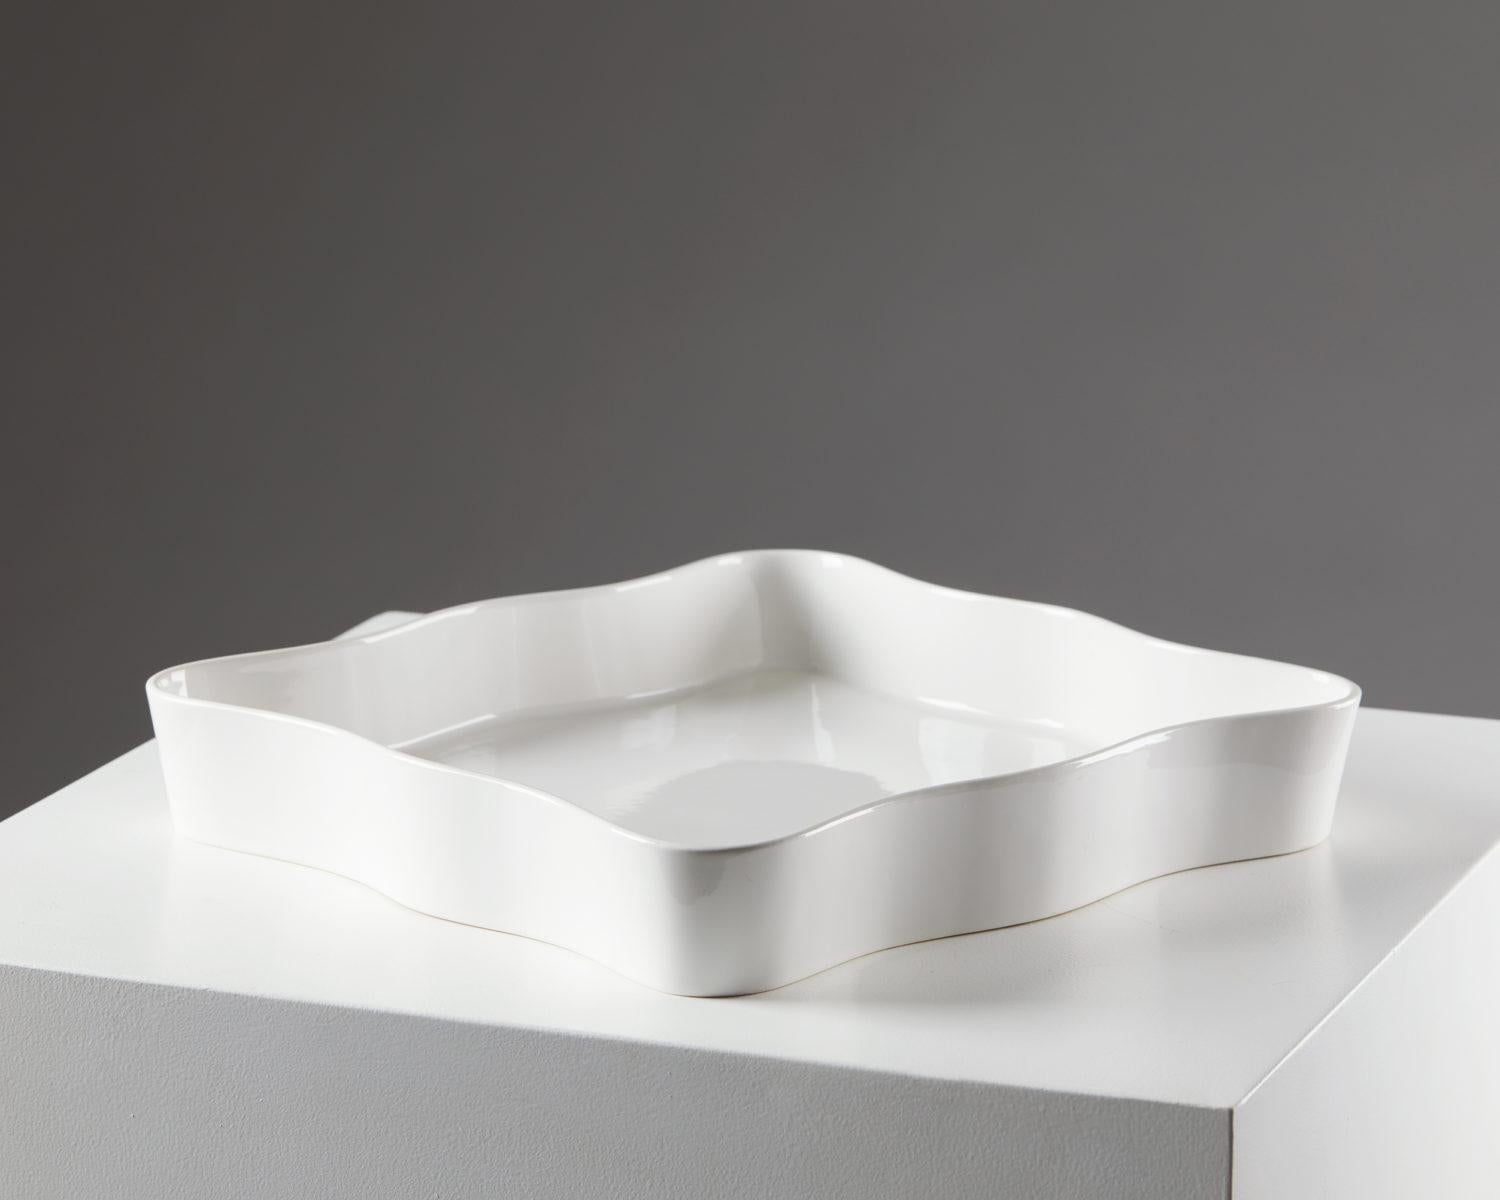 Dish designed by Pia Törnell “Pro Arte” for Rörstrand,
Sweden, 1996.

Porcelain.

Signed. 

Dimensions: 
W: 29.5 cm / 11 3/5
· · · ·
• WHAT TO PRODUCE
Please repeat the data above exactly as it appears, pictures excluded.

• RESPONSE BELOW
 Dish designed by Pia Törnell “Pro Arte” for Rörstrand,
Sweden, 1996.

Porcelain.

Signed. 

Dimensions: 
W: 29.5 cm / 11 3/5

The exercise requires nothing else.